When you reach the line holding "Motto Leather Wrapped Lightning iPhone Cable", please begin to restate the lines word for word and continue through the last one in the material, excluding pictures.

- _AVAILABLE DATA_:
------

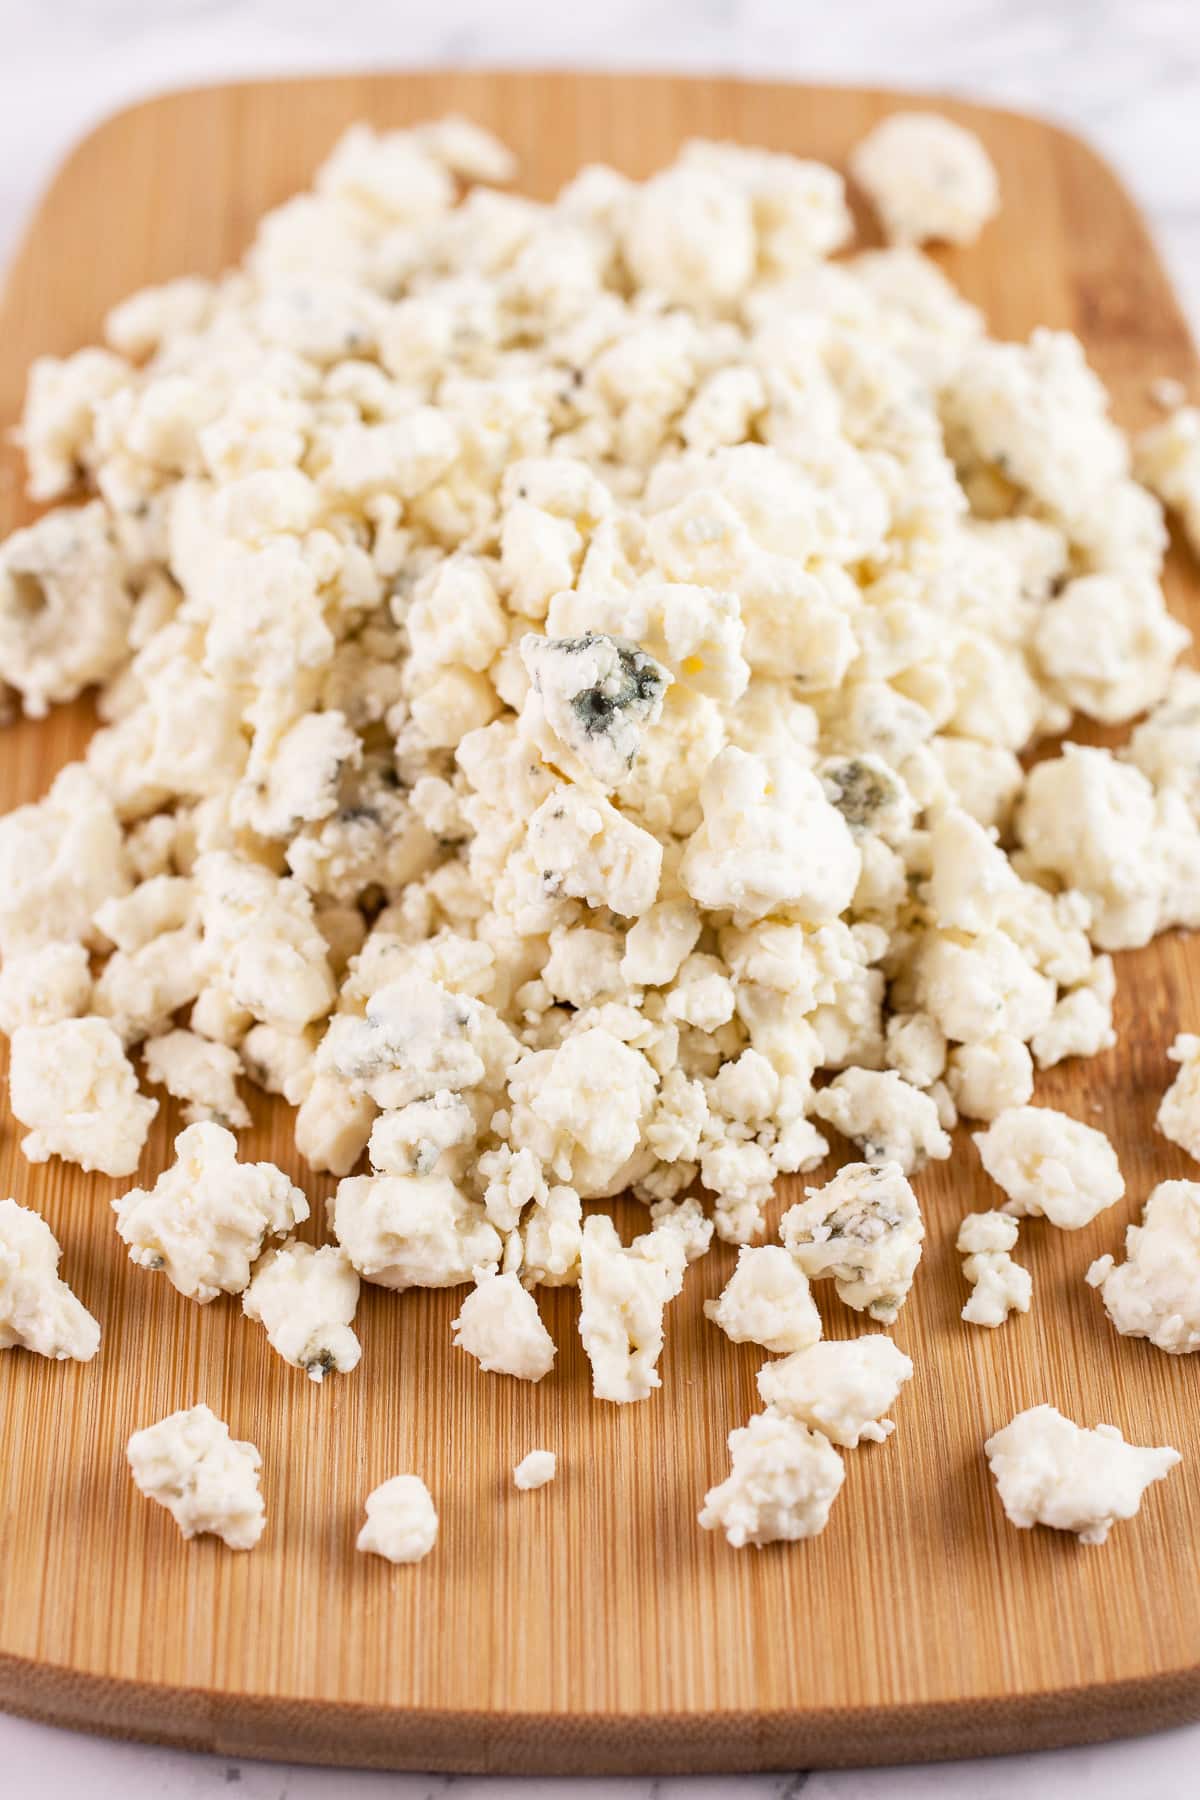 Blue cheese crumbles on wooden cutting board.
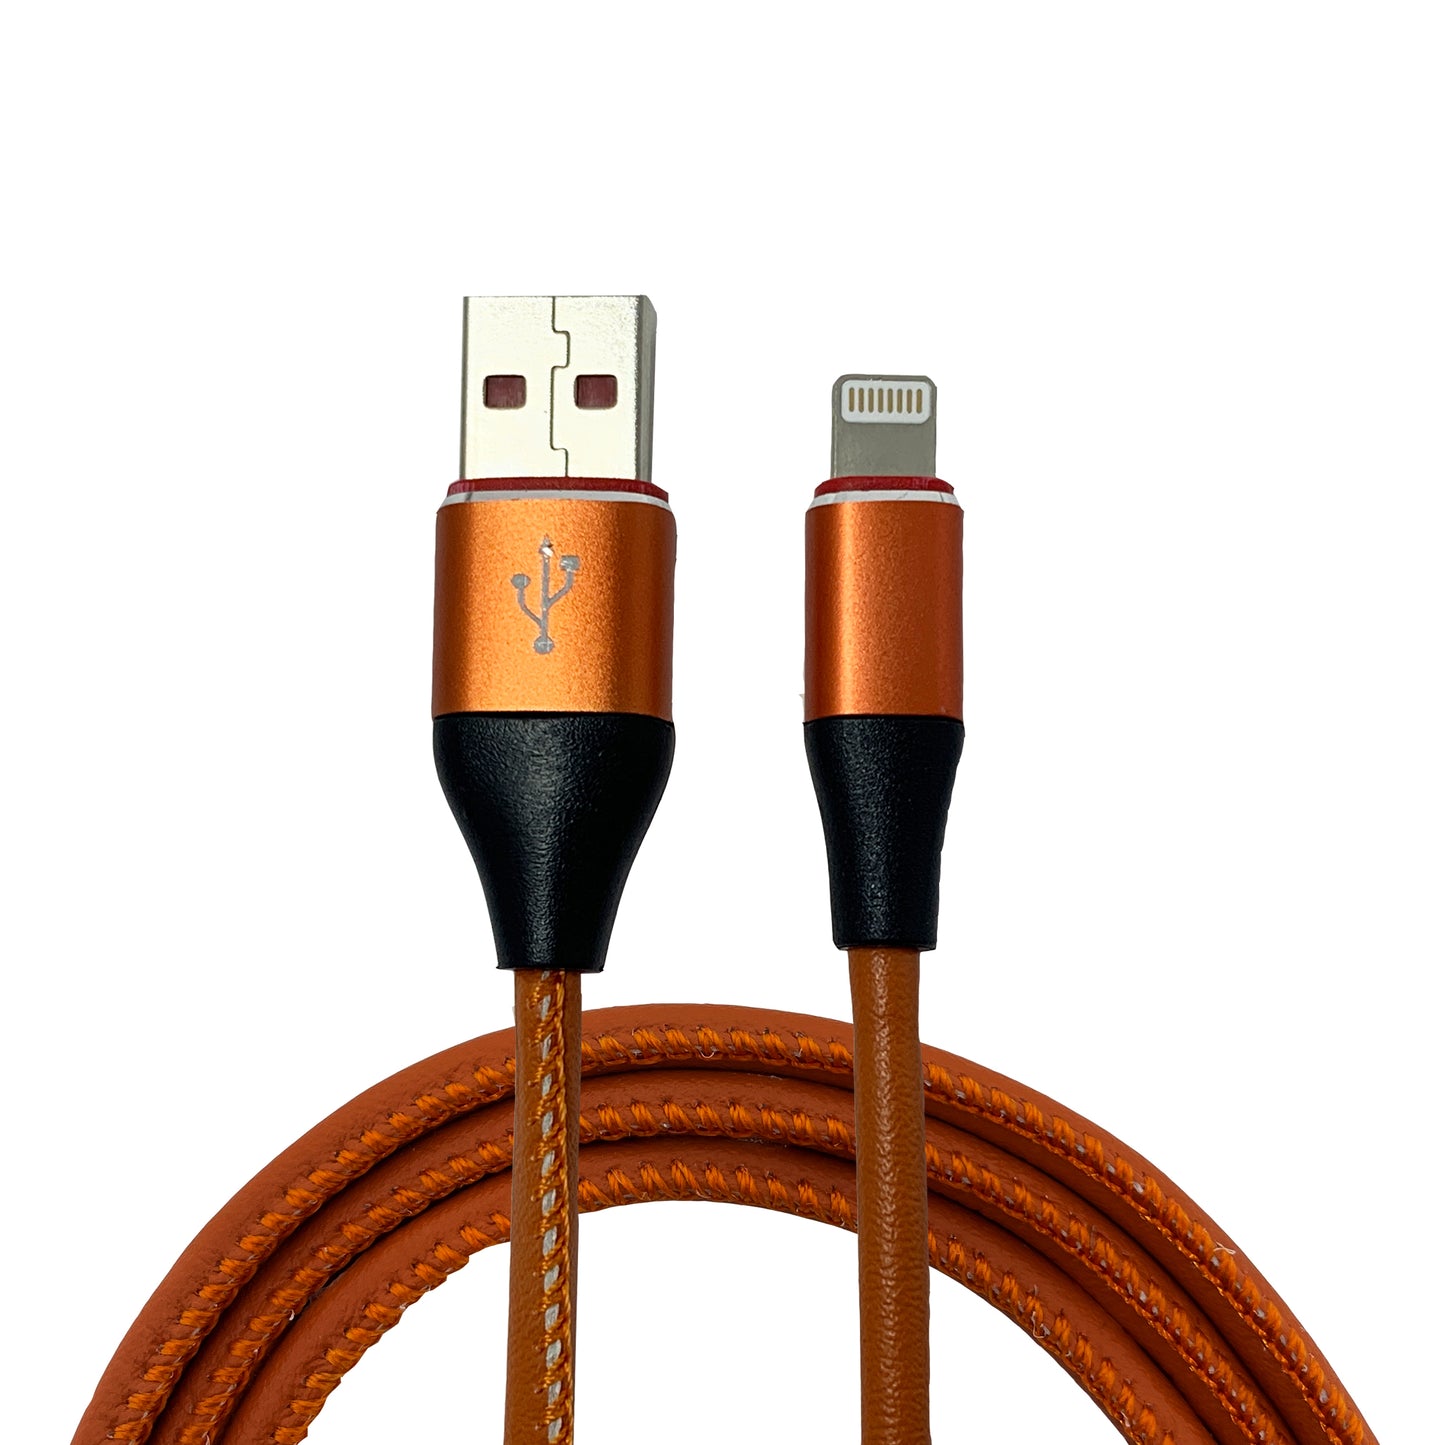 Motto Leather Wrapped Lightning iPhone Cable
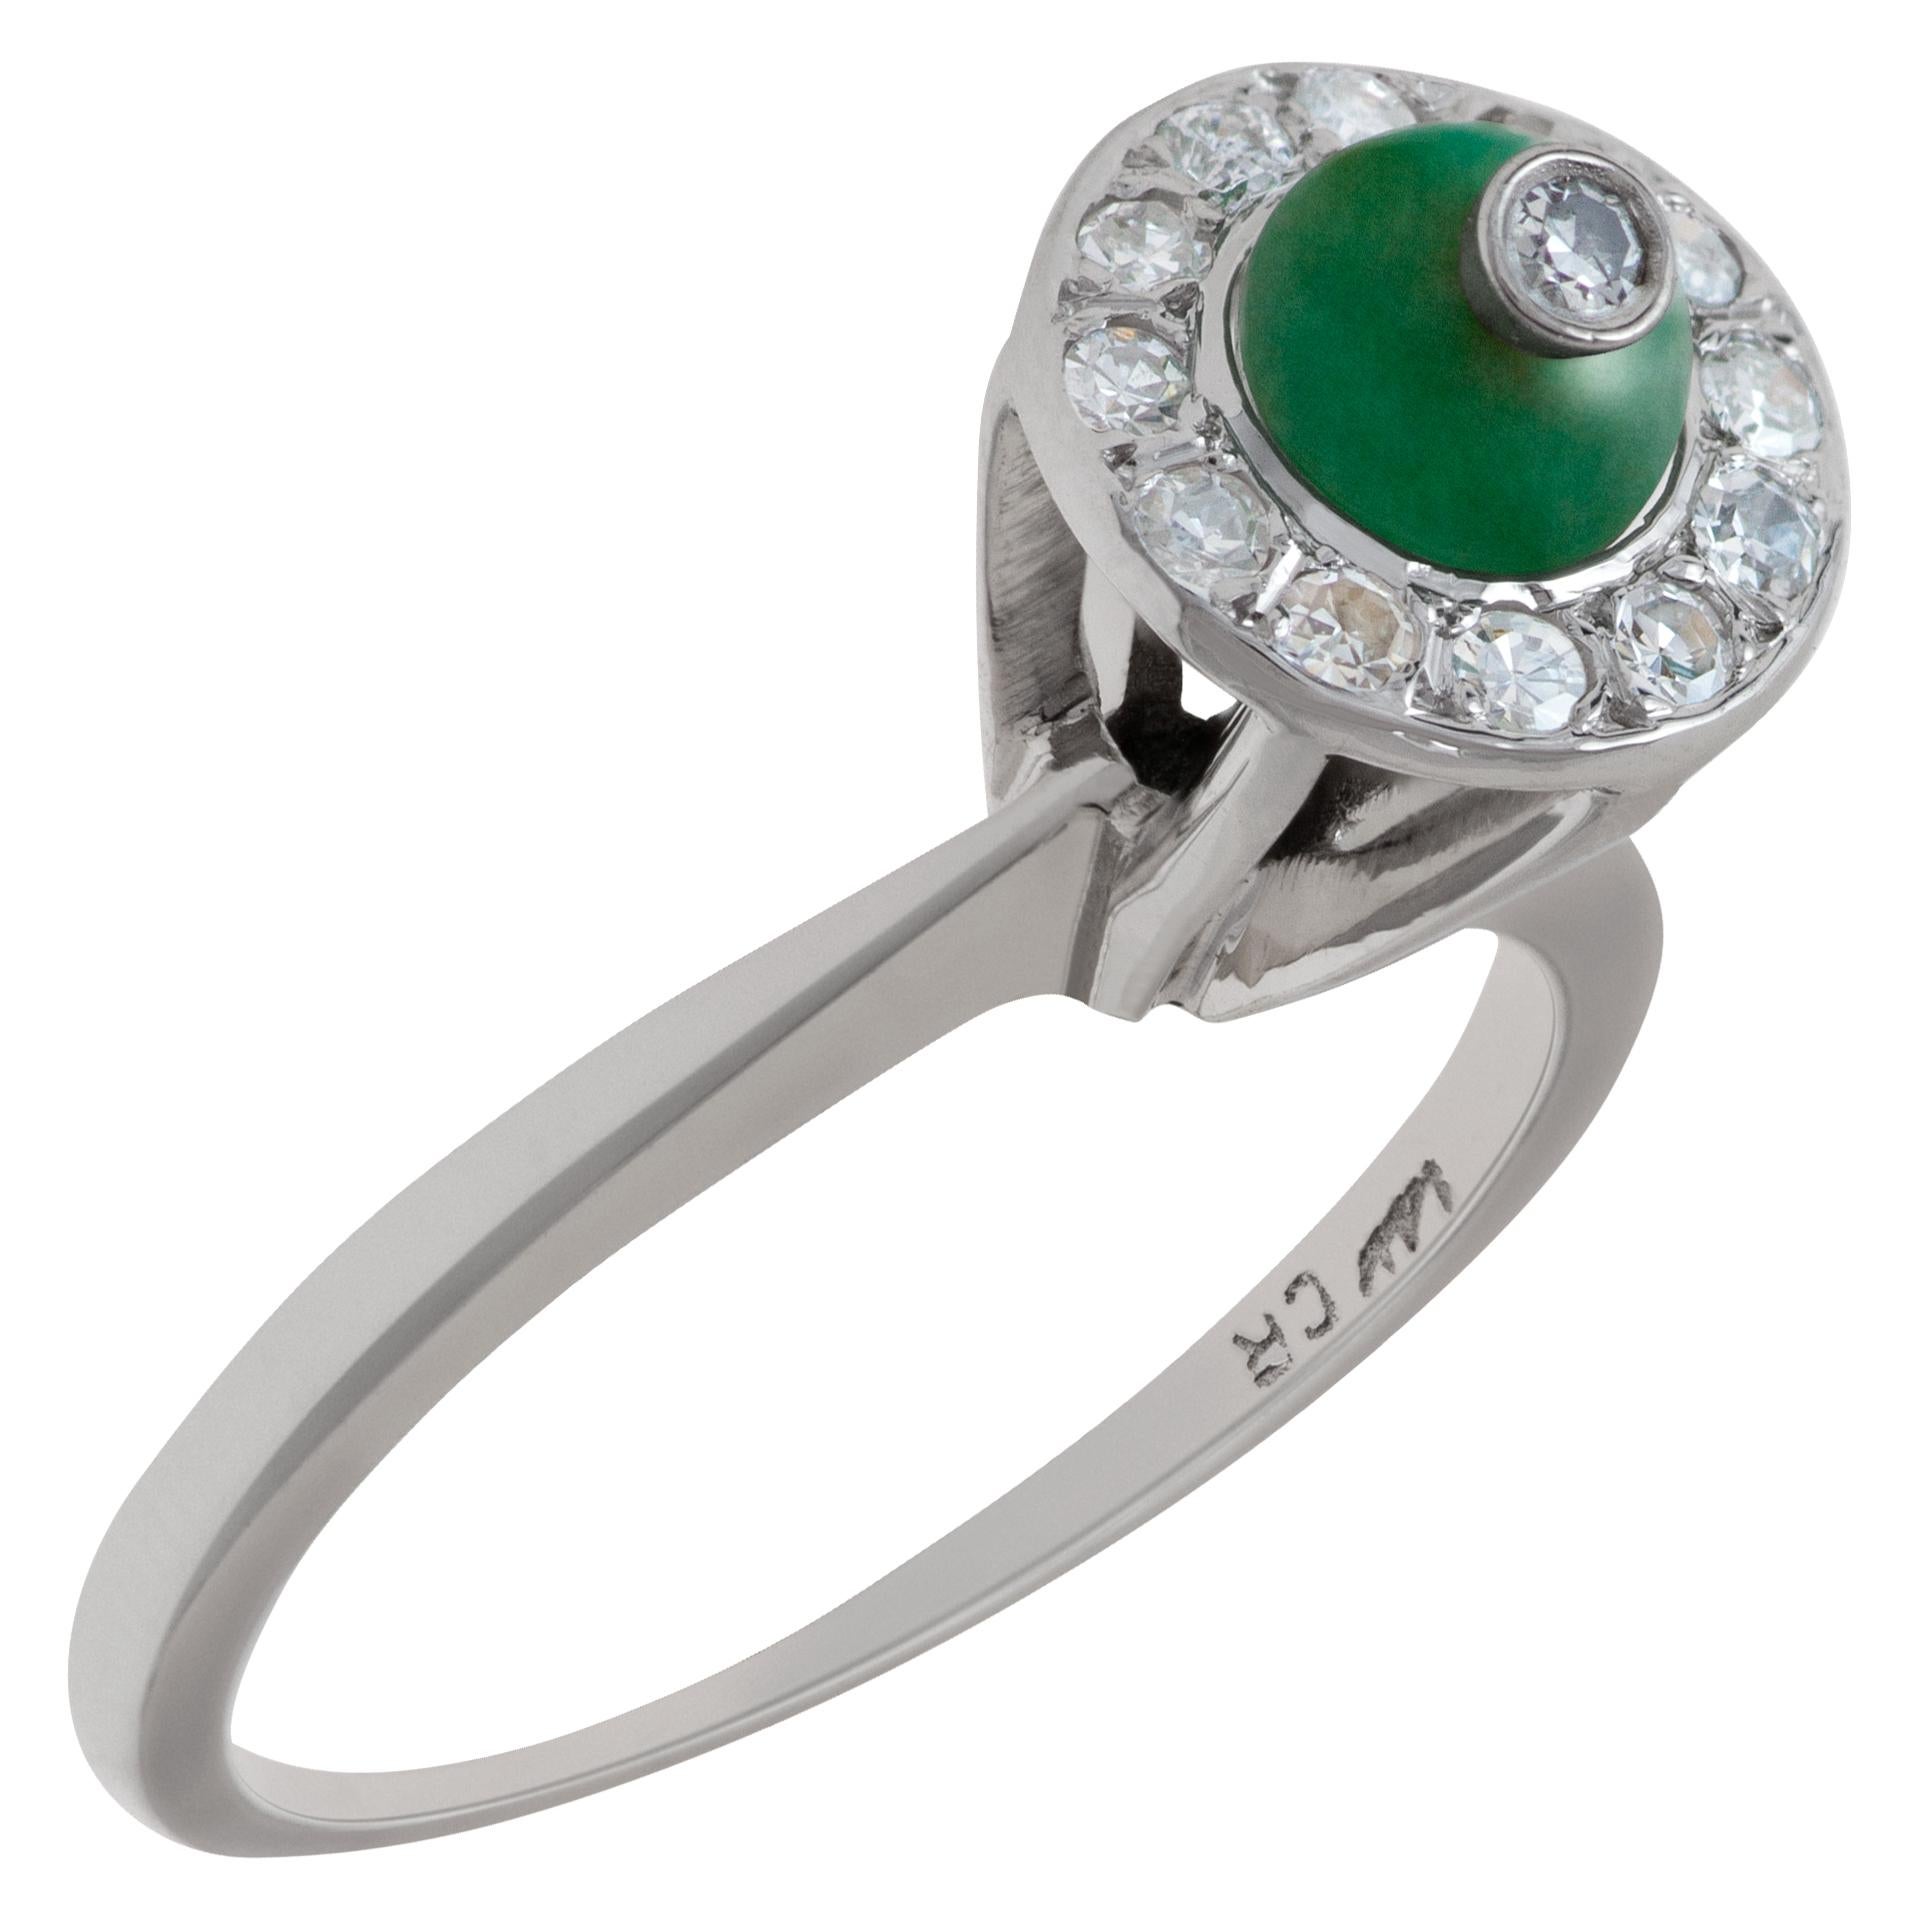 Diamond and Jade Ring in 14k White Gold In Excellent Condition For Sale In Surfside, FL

------

- _RESULT OF THIS TASK_:
 Motto Leather Wrapped Lightning iPhone Cable
 Diamond and Jade Ring in 14k White Gold In Excellent Condition For Sale In Surfside, FL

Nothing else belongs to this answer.